The first thing I do is not exactly necessary but I like to do it.

I cut the little nub that doesn't have threads off the bottom of the shafts. this makes me able to screw on the bottom and shorten the whole throw of the shock so the piston doesn't push on the bladder as much when fully compressed. Like I said its not necessary because you are probably never compressing the shock that much anyways but I do it none the less.

I make sure the white spacer that goes in the bottom of the shock slides on the shaft with no friction at all, I like to make sure it drops on. If it doesn't I hit it with a reamer real quick. But as of right now with the v2 shocks this problem has gone away and I haven't had to do it with the white machined piece.

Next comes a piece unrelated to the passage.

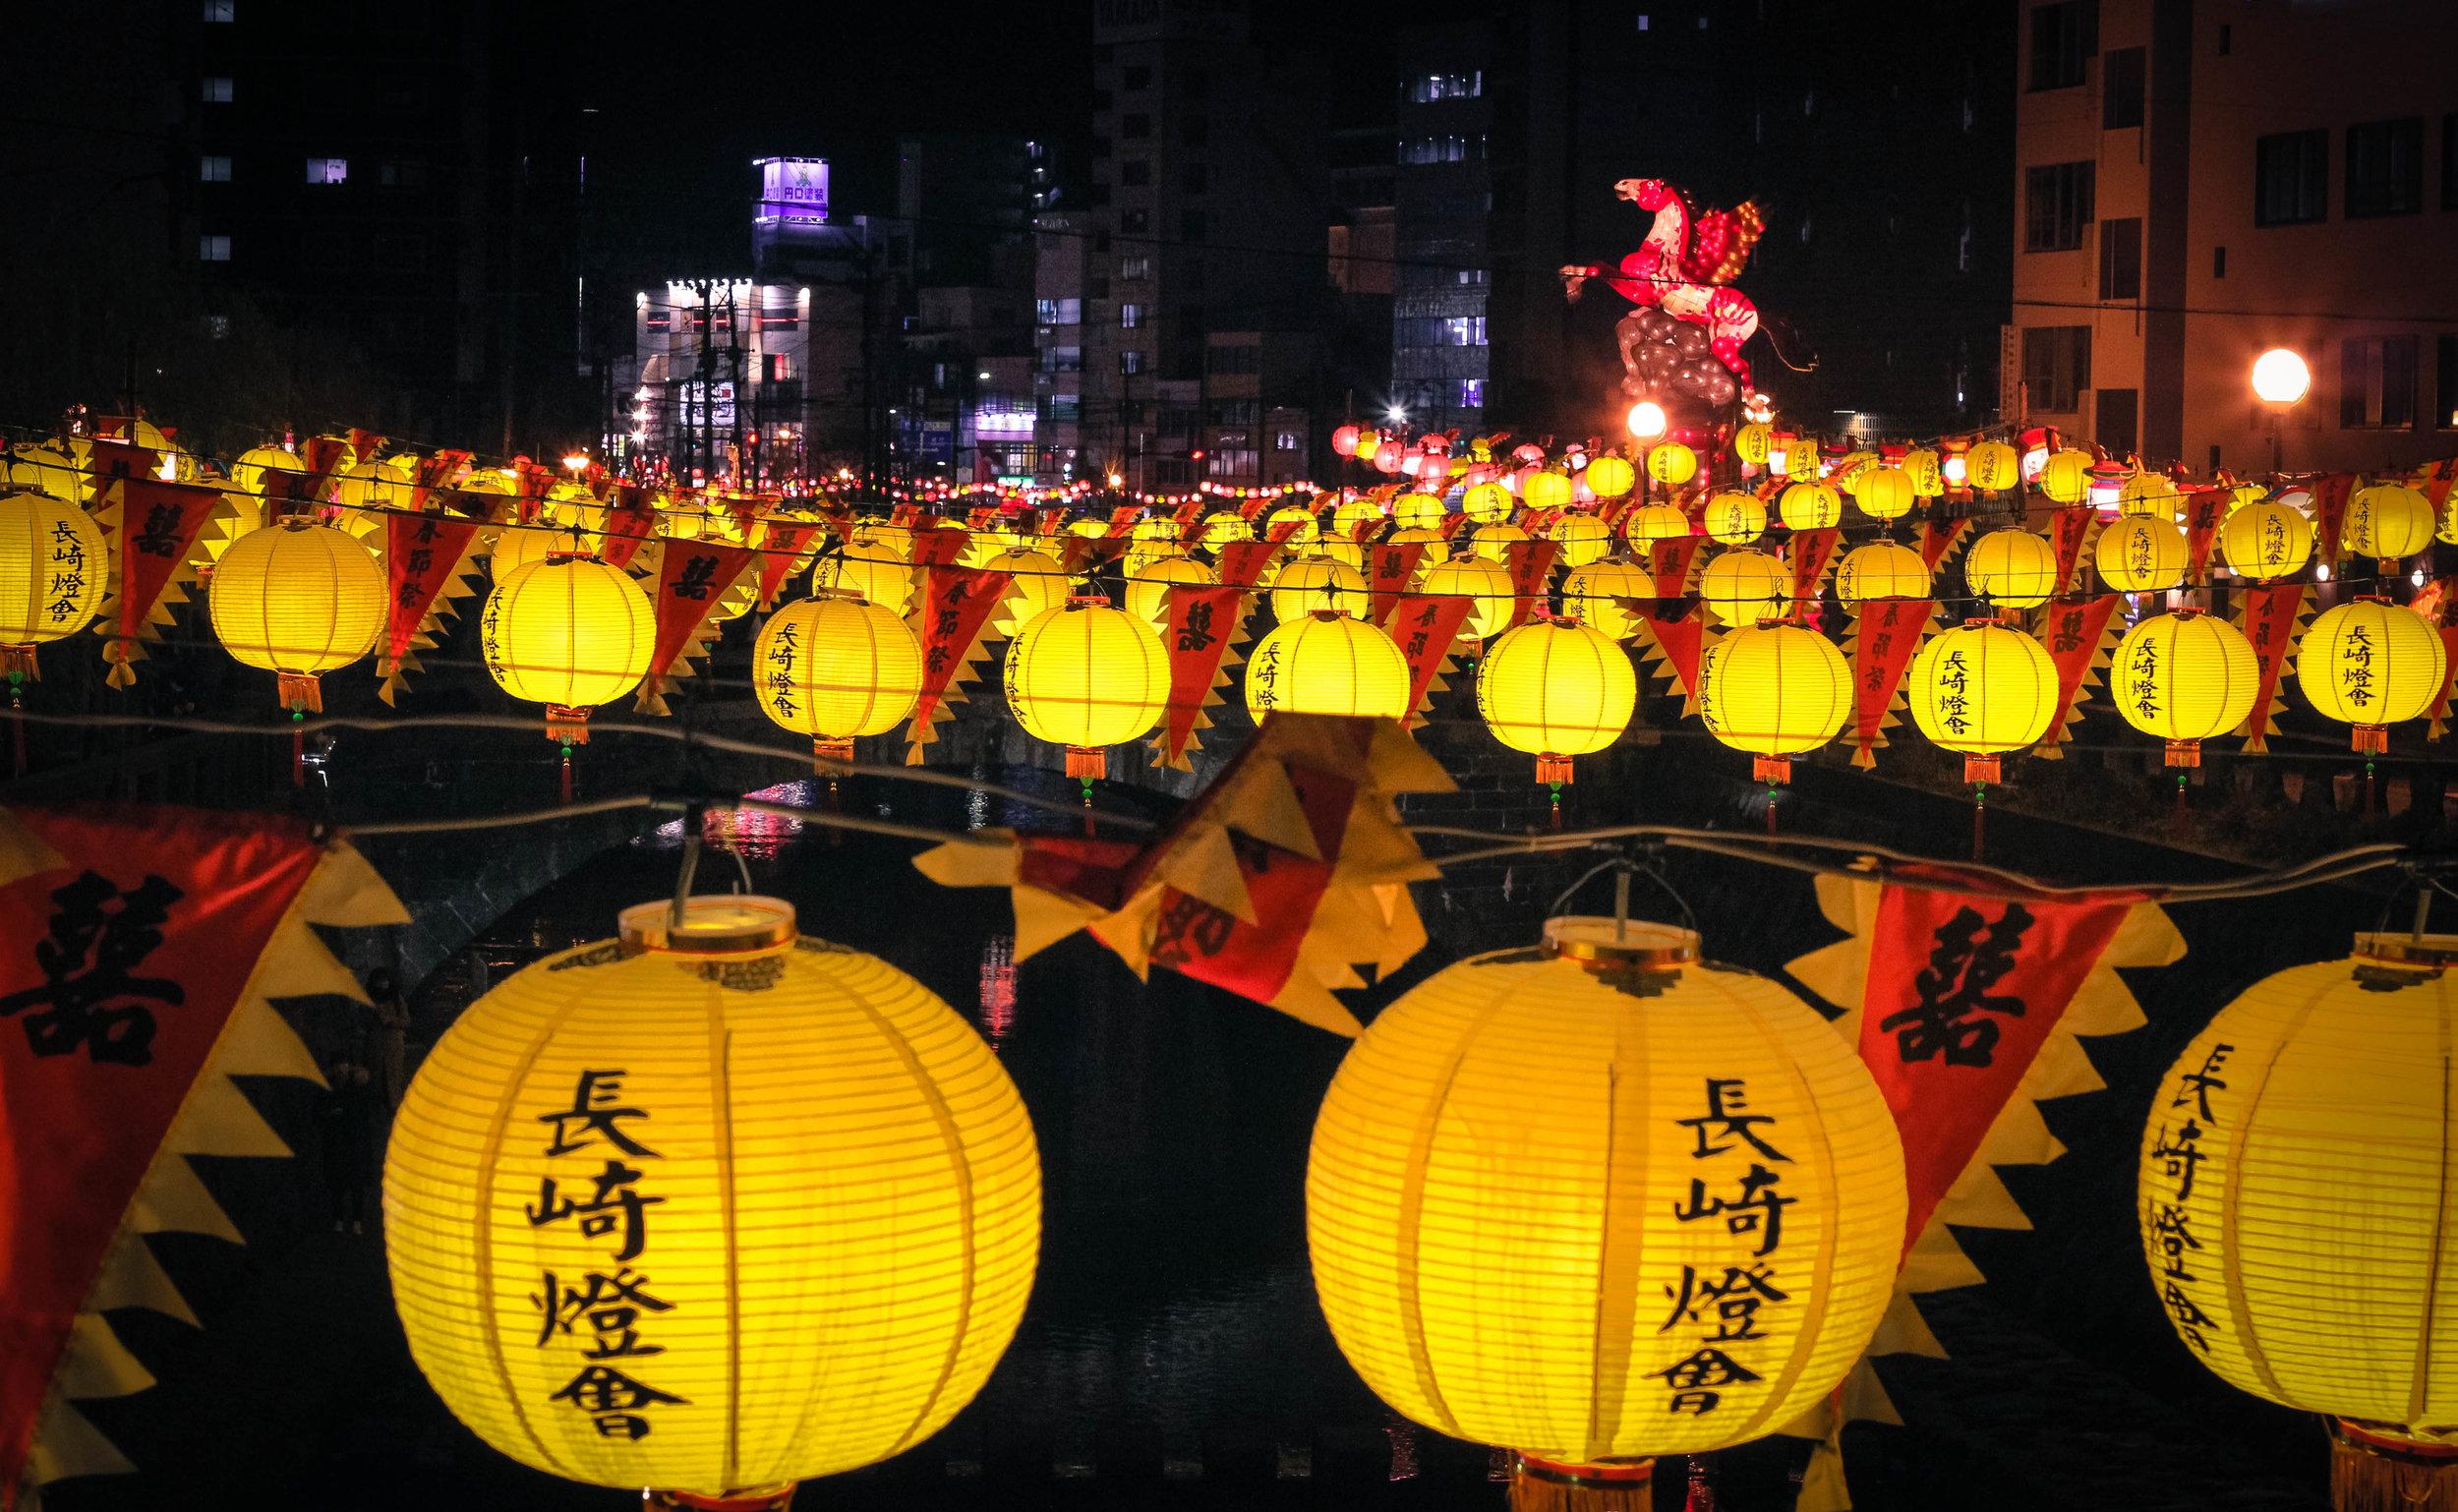 Lanterns lanterns everywhere.

I use the 40 degree o rings even with the V2 shocks all the time. I use green slime on the o ring.

I put a .2mm shim on top of the piston between the piston and the Eclip to take up the little bit of play the piston has.

As of late I don't like running any rebound at all in my shocks so I drill a hole in the plastic part of the cap right at the base of the shock mounting part that goes up from the flat part of the cap with a #57 drill bit.

Then I put the shaft in and make sure it slides up and down very very smoothly on the oring. It usually does if everything is done right. I ream out the shock bottom were the 5.8 ball goes in so it is as free as possible without any slop. This usually just takes a slight touch with a reamer. I also hit the plastic top with a reamer too, just so everything rotates smoothly.

I screw the bottom on as much as possible right before it starts binding the 5.8 ball in the bottom on each of the shocks.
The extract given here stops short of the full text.